The Baghdad morgue is beyond full. Refrigeration boxes that usually hold six bodies are crammed with 18. An unidentified corpse is dragged across the floor beneath the blue glow of an insect-repelling light. Five others -- two pocked with gunshot wounds -- lie on steel tables. With quiet determination, pathologists lift their scalpels, chart their findings and fill the waiting coffins.

Most of the dead here are not casualties of military actions or terrorist attacks, such as last month's bombing of the United Nations headquarters, which killed at least 20 people. Nor are they American soldiers.

Instead, they are everyday civilians, victims of the violence that has become a fact of life in a city that wakes and sleeps to the cadence of gunfire and unrelenting crime. The coalition forces and the new Iraqi police have been unable to stop the torrent of mayhem springing from robberies, carjackings and just plain anger.

Many killings, according to police and pathologists, are rooted in revenge. Saddam Hussein's ousted regime murdered tens of thousands in its ongoing terror campaign, but its omnipresent security force limited animosities among tribes and clans.

With that shackle broken, the slights and anger that accumulated over the years are being settled with a sort of frontier justice, especially against Baath Party loyalists and other remnants of Hussein's regime.

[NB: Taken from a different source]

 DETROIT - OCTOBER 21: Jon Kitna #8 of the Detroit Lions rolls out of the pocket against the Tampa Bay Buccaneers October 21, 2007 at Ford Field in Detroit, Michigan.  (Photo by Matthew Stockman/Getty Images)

The equation is further complicated by the thousands of criminals Hussein released from prison in the months before the March invasion by U.S.-led coalition forces. And by the tens of thousands of Kalashnikov rifles and pistols that make every neighborhood an arsenal. Coalition troops confiscated heavy weapons in July but allowed Iraqis to keep some light arms for self-defense. These guns often lead to murder.

The rash of bloodshed provides a stark indication that Iraqi society is careening out of control and that Hussein's aftermath carries its own incomprehensible brutality.

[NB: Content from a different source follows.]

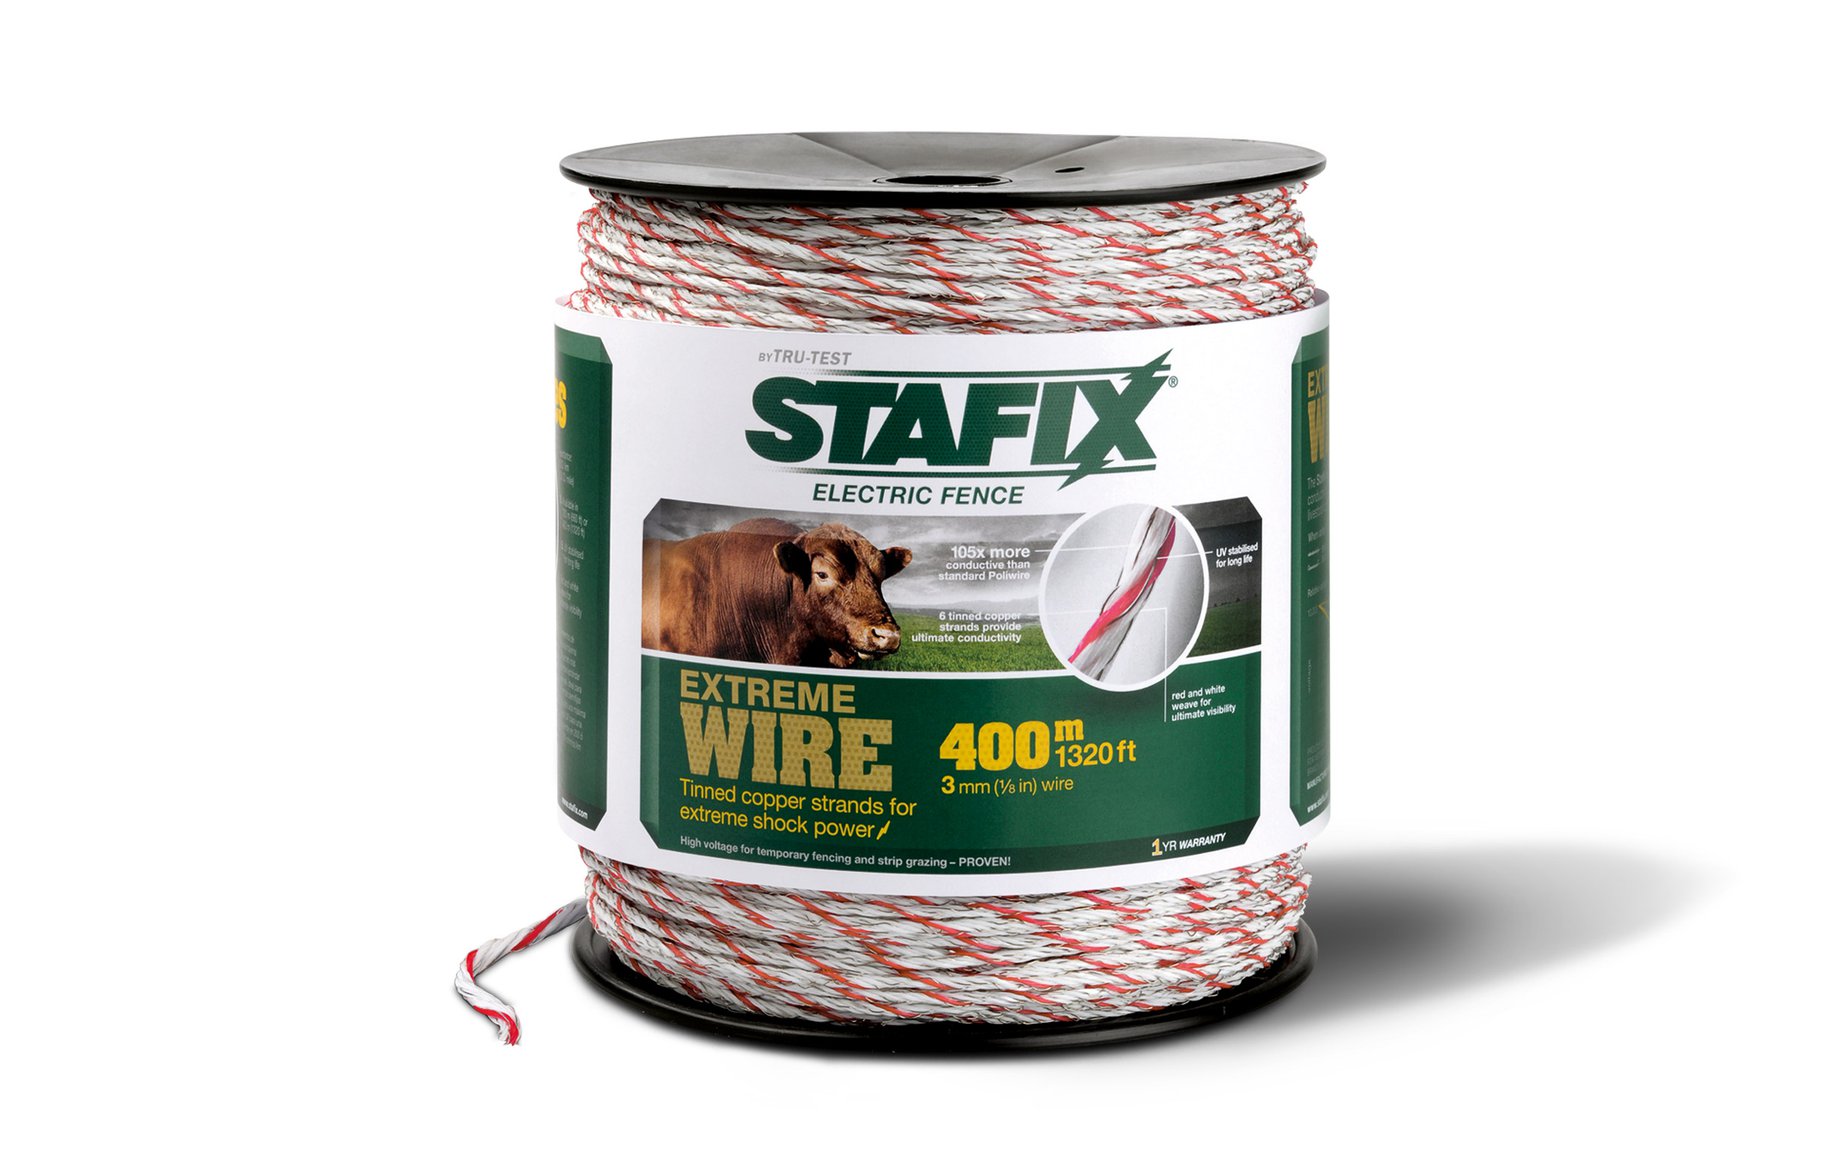 Stafix electric fence packaging

Bodies are fished out of the muddy-green Tigris. They are pulled from alleys, gathered from rooftops and lifted from garbage piles. Some are left on the roadside, like that of Bashar Khammas Mohammed, a 26-year-old taxi driver who was strangled with his own headdress. They are then brought to the morgue, where a meticulous man wearing rubber gloves ties strings around their wrists and assigns each of them a number.

"We are a people not yet suitable for democracy," said Sattar Mohammed, who waited the other day with an open coffin to pick up his slain neighbor. "We need to be strictly handled. We need a tight fist over us. We lived like that for 30 years under Saddam Hussein, but now people are free, and they're acting on their will. It is dangerous."

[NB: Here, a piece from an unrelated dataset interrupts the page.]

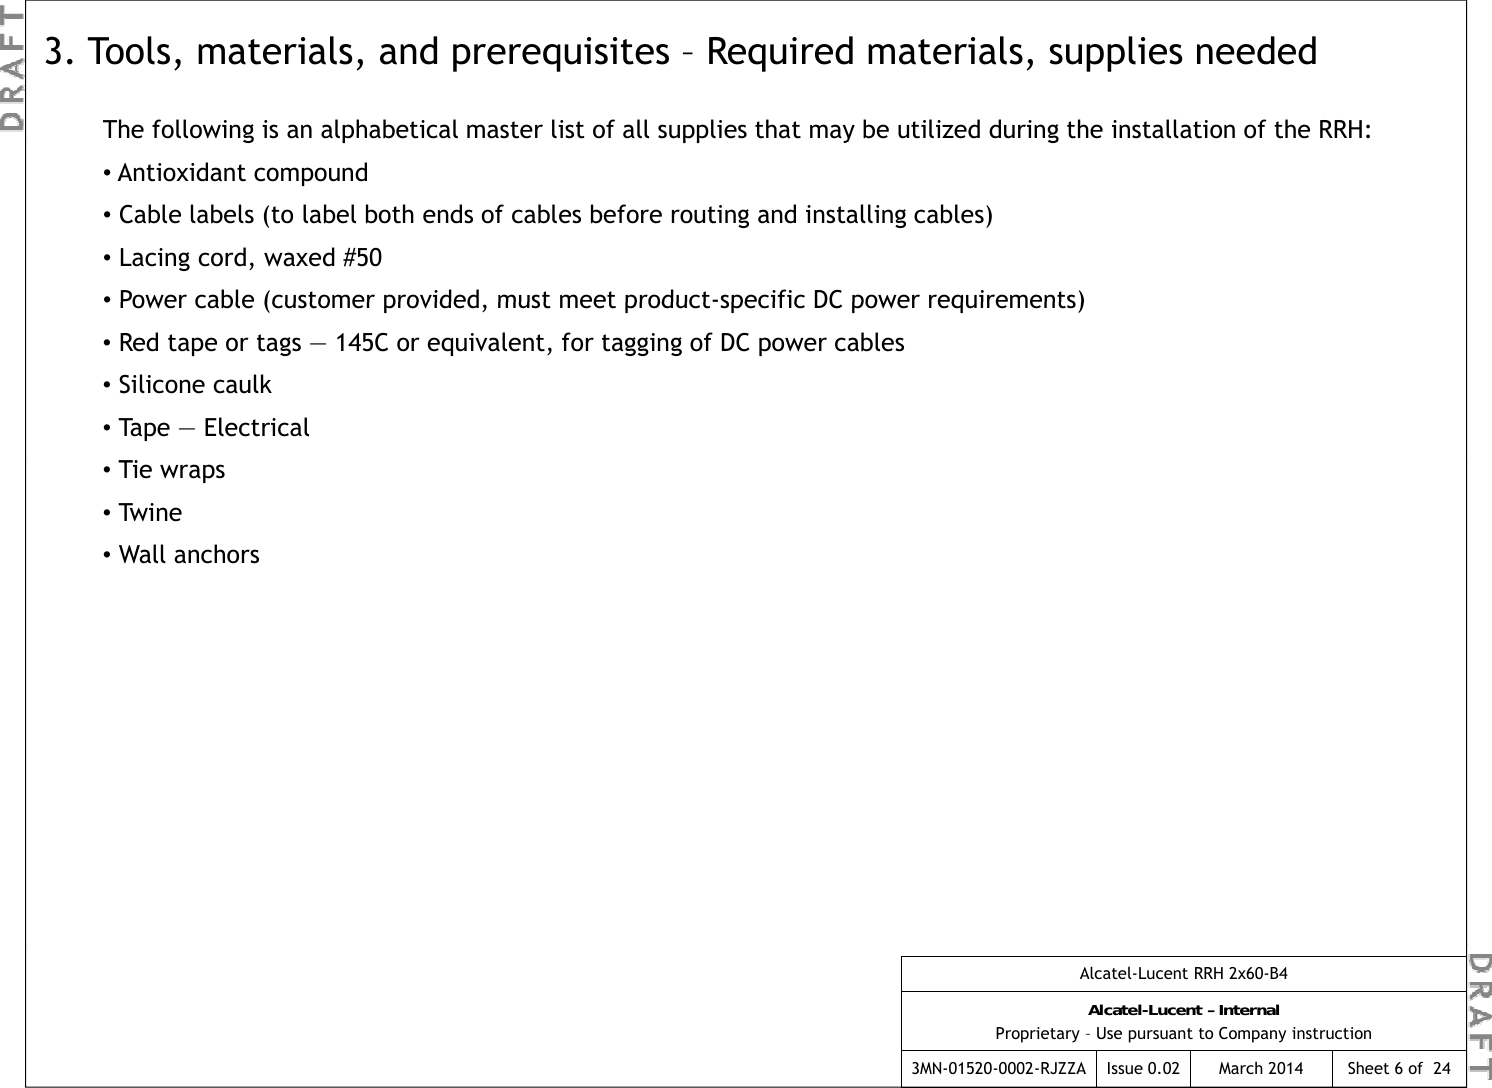 The following is an alphabetical master list of all supplies that may be utilized during the installation of the RRH:3. Tools, materials, and prerequisites – Required materials, supplies neededgp pp y g•Antioxidant compound•Cable labels (to label both ends of cables before routing and installing cables)•Lacing cord, waxed #50•Power cable (customer provided  must meet product-specific DC power requirements)•Power cable (customer provided, must meet product-specific DC power requirements)•Red tape or tags — 145C or equivalent, for tagging of DC power cables•Silicone caulk •Tape — ElectricalTi  •Tie wraps•Tw i n e•Wall anchorsAlcatel-Lucent RRH 2x60-B4Alcatel-Lucent – InternalProprietary – Use pursuant to Company instruction3MN-01520-0002-RJZZA Issue 0.02 March 2014 Sheet 6 of  24

That grim assessment is echoed often.

"I've been working in this morgue for 29 years," said pathologist Abdul Razzaq Ubaidi. Each of his pale blue folders holds a sheet of paper describing a body. "It used to be accidents and natural deaths. Now there are too many weapons in society. We used to dissect six or seven bodies a day, but now we do 25 to 35 a day, and 80% of them are bullet injuries. We have more freedom, but with the absence of security there is more freedom for murder."

A state of lawlessness has resulted as Iraqi society veers between the end of tyranny and unfulfilled promises of stability from an embryonic U.S.-backed government struggling to bring a new form of administration to the country. The police force is understaffed at 38,000 officers nationwide, although it is expected to grow to 65,000. Baghdad has more than 5,000 officers, down from 17,000 before the war.

The death of Sheik Abdul Jabar Farhan Salman, according to authorities, appears to have been caused by a mix of revenge and opportunism. A member of the powerful Bu-Issa tribe in the city of Fallouja, the sheik controlled much of the region's cigarette market. Rich enough to escape the turmoil of postwar Iraq, Salman moved his family to Amman, Jordan. He visited Iraq frequently to check on his business.